The two women made a startling pair as they sat together, looking more like sisters than mother and daughter. Cora did everything cosmetically possible to maintain her youth, while Joanna had a maturity beyond her years.
‘What did he say?’ Her mother’s query was made out of politeness. Joanna refused to show any hurt caused by her mother’s obvious lack of interest, not expecting any gold medals from anyone in her family for anything she did. Her father was a prominent banker, her mother his accomplished hostess, and Joshua—well, Joshua was a success at whatever he did. Her minor achievement would be unimportant to them all. Only she would know of the new inner pride in herself.
She shrugged coolly, accepting the menu placed in front of her. ‘They’re going to publish it.’
‘Really?’ her mother’s eyes widened. ‘It’s about a collie or something, isn’t it?’ she said vaguely.
‘A boxer,’ Joanna corrected flatly, wondering why she tortured herself with these weekly luncheons with her mother. She always ended up being hurt by her mother’s indifference to anything that happened in her life; it would have been more sensible just to have gone to the monthly Sunday visits with Joshua the only time she ever saw her father. Both her parents lived such hectic lives that they didn’t really have the time for her. They never had done; she had accepted that very early in her life. Her marriage to Joshua had been her one redeeming feature as far as they were concerned, although in the beginning even that had been heralded as a disaster. ‘Like Billy,’ she added softly.
‘Really, Joanna,’ her mother snapped. ‘The dog has been dead for years!’

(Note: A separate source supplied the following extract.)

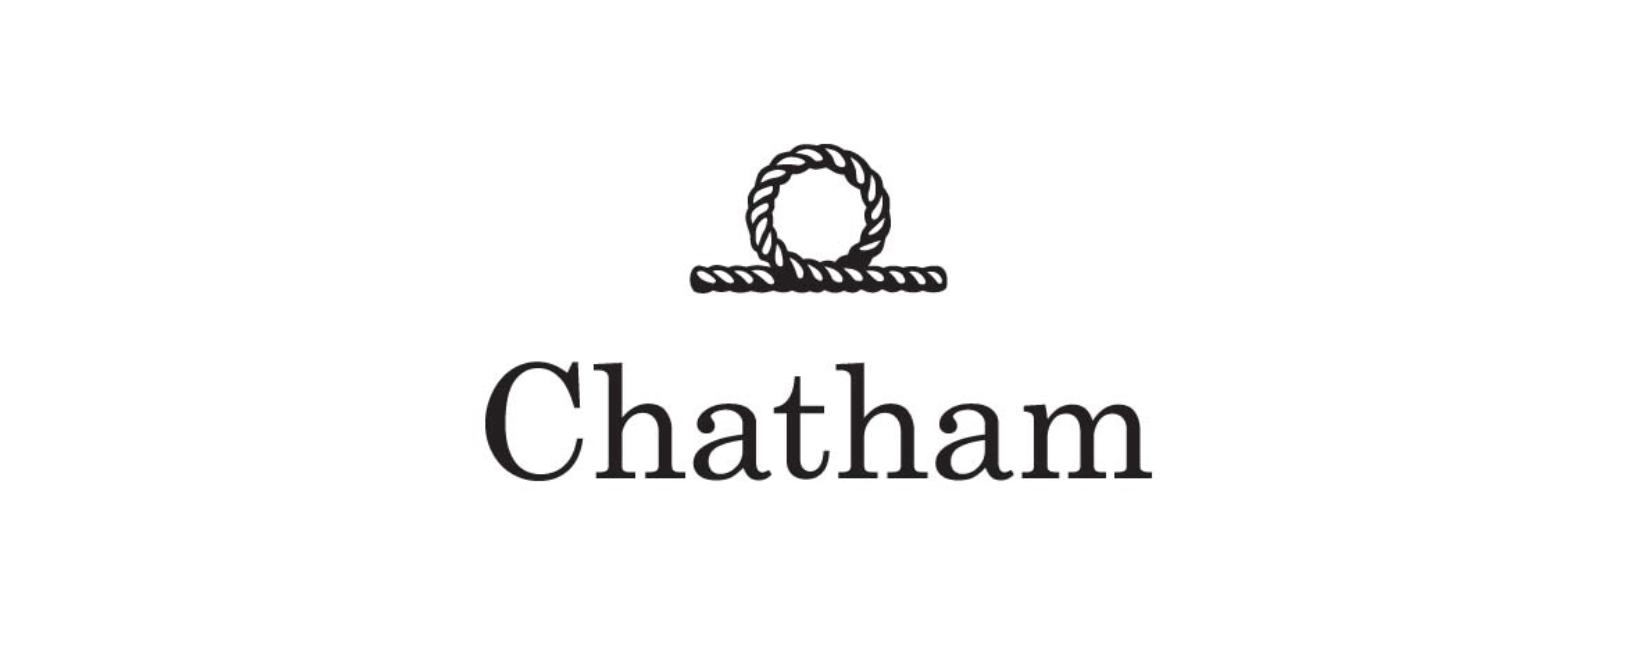 Chatham Discount Code 2021

‘Maybe. But I loved him.’ When she was a child her father had impulsively bought her a boxer. He had forgotten her birthday one year, and had seen the puppy in a pet-shop window on his way home, going in to buy it without considering the fact that his wife might not approve. Joanna had loved the puppy from the first, and despite shrill protests from her mother had somehow persuaded her father to let her keep him. Billy had chewed any and everything in sight, from the furniture to her mother’s shoes, and it was after finding half a dozen expensive pairs of the latter chewed beyond repair that Billy had been banished to the garden and kitchen only. Not that he seemed to mind, enjoying chasing butterflies in the summer, and falling asleep in the warmth of the kitchen in the winter. And Joanna had made no complaints either, just being relieved to be able to keep the dog.

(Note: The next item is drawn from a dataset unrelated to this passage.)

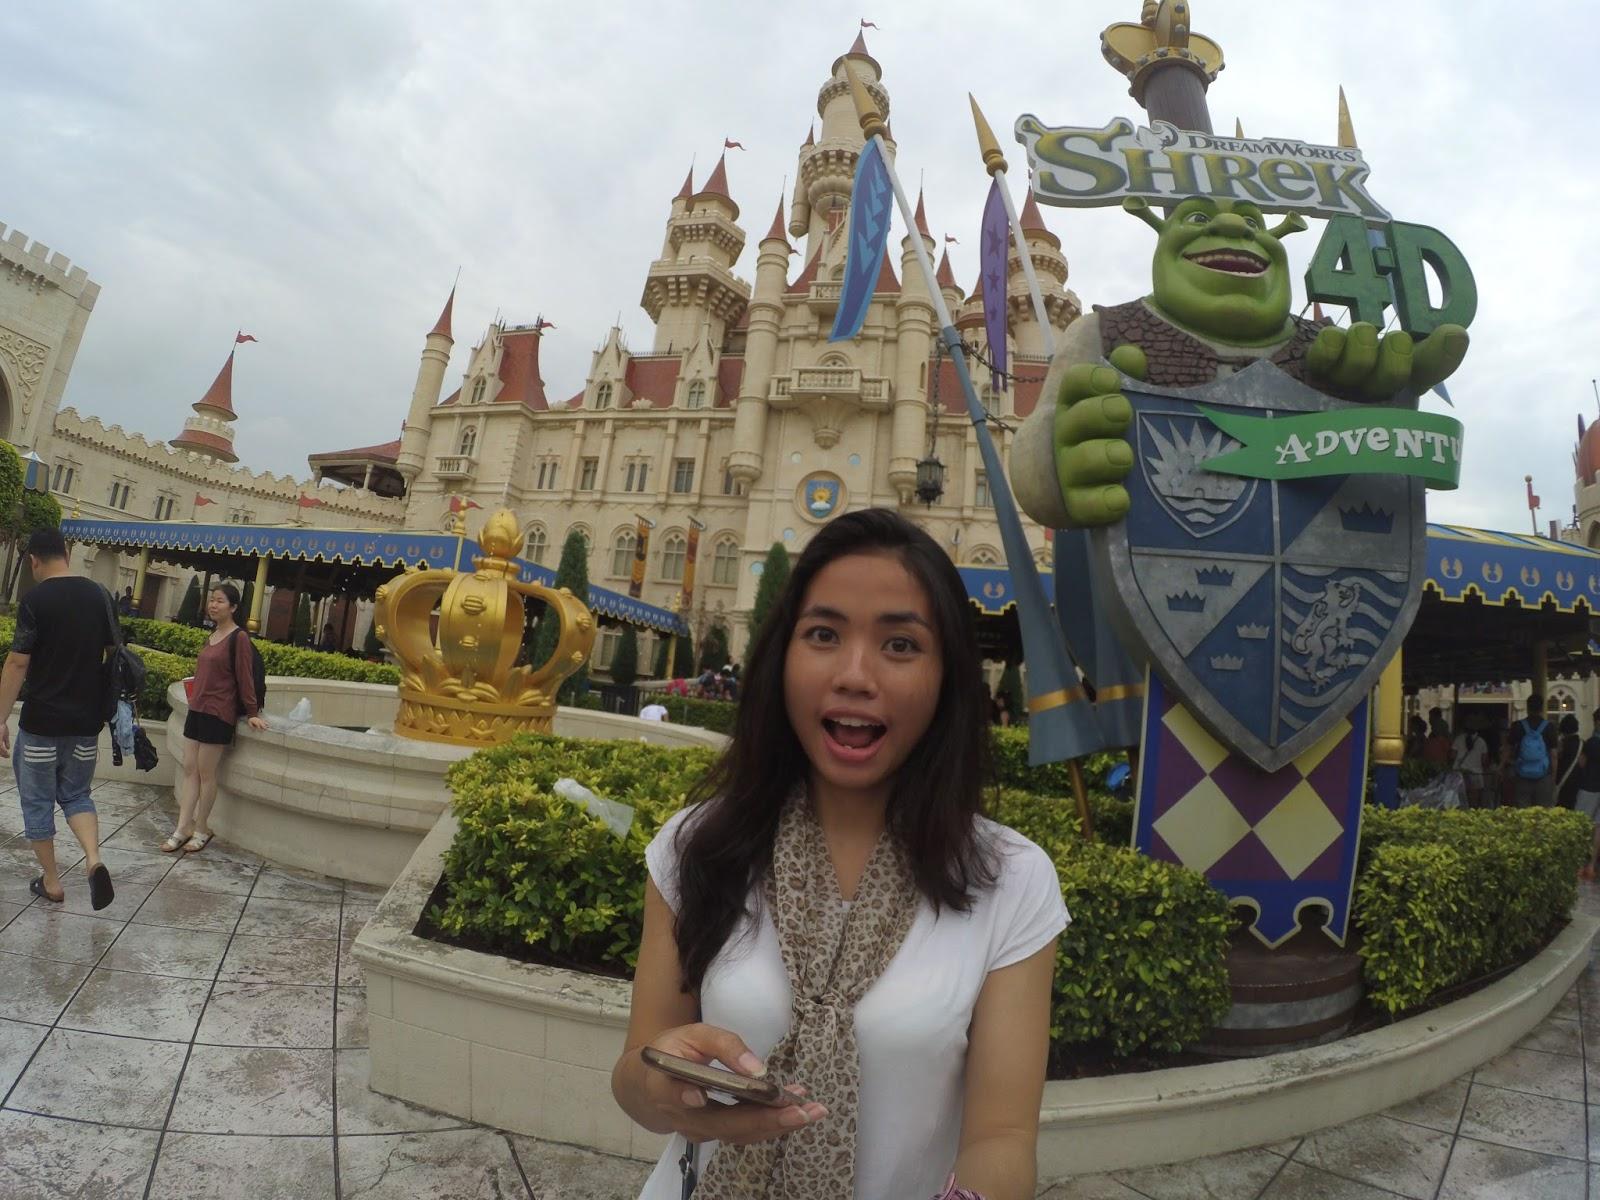 A Day At Universal Studio Singapore Rizka Amalia Windriani Tiket Singapura Anak Area Terakhir Dari Udah Mulai Sepi Dan Masuk Ke Wahana Madagascar Crate Adventure Sama Sekali Gak Antri Karena Banget D

Billy had been her constant companion for nine years, until a mad excited dash into the road after a car had caused his sudden death. She had never forgotten him, or the unselfish love he gave her, and the character of Billy Boxer was based on him and the endearing—and often mischievous—things he did.
Her mother gave her order for lunch, waiting while Joanna did the same before speaking again. ‘You mean a publisher is actually willing to pay you money to write about a pest of a dog?’ she derided in her haughty voice.
‘Yes,’ Joanna bit out resentfully.
‘I don’t know what the world is coming to,’ Cora shook her head. ‘What does Joshua think of all this?’
Joanna’s mouth firmed angrily, and she looked nothing like the composed young woman who had left James Colnbrook’s office half an hour earlier. ‘He hasn’t said a lot about it,’ she mumbled.
‘I should think not! A man of his reputation and standing having a wife who writes children’s stories!’
Joanna stiffened. ‘I didn’t say he disapproved of it, Mother, we just haven’t discussed it very much.’ They didn’t discuss anything any more, they were barely civil to each other!
Her mother opened her mouth to say something, then stopped as the waiter began to serve their meal, the avocado pear deliciously ripe, the prawns nestling in its well pink and juicy.
‘You were saying, Mother?’ she prompted after the first mouthwatering spoonful.
She received an irritated look. ‘Not while we’re eating, Joanna. We’ll talk later.’
Joanna ate her meal with unhurried grace, her wrists small and delicate, her hands long and slender, seeming weighed down by the rings on her wedding finger.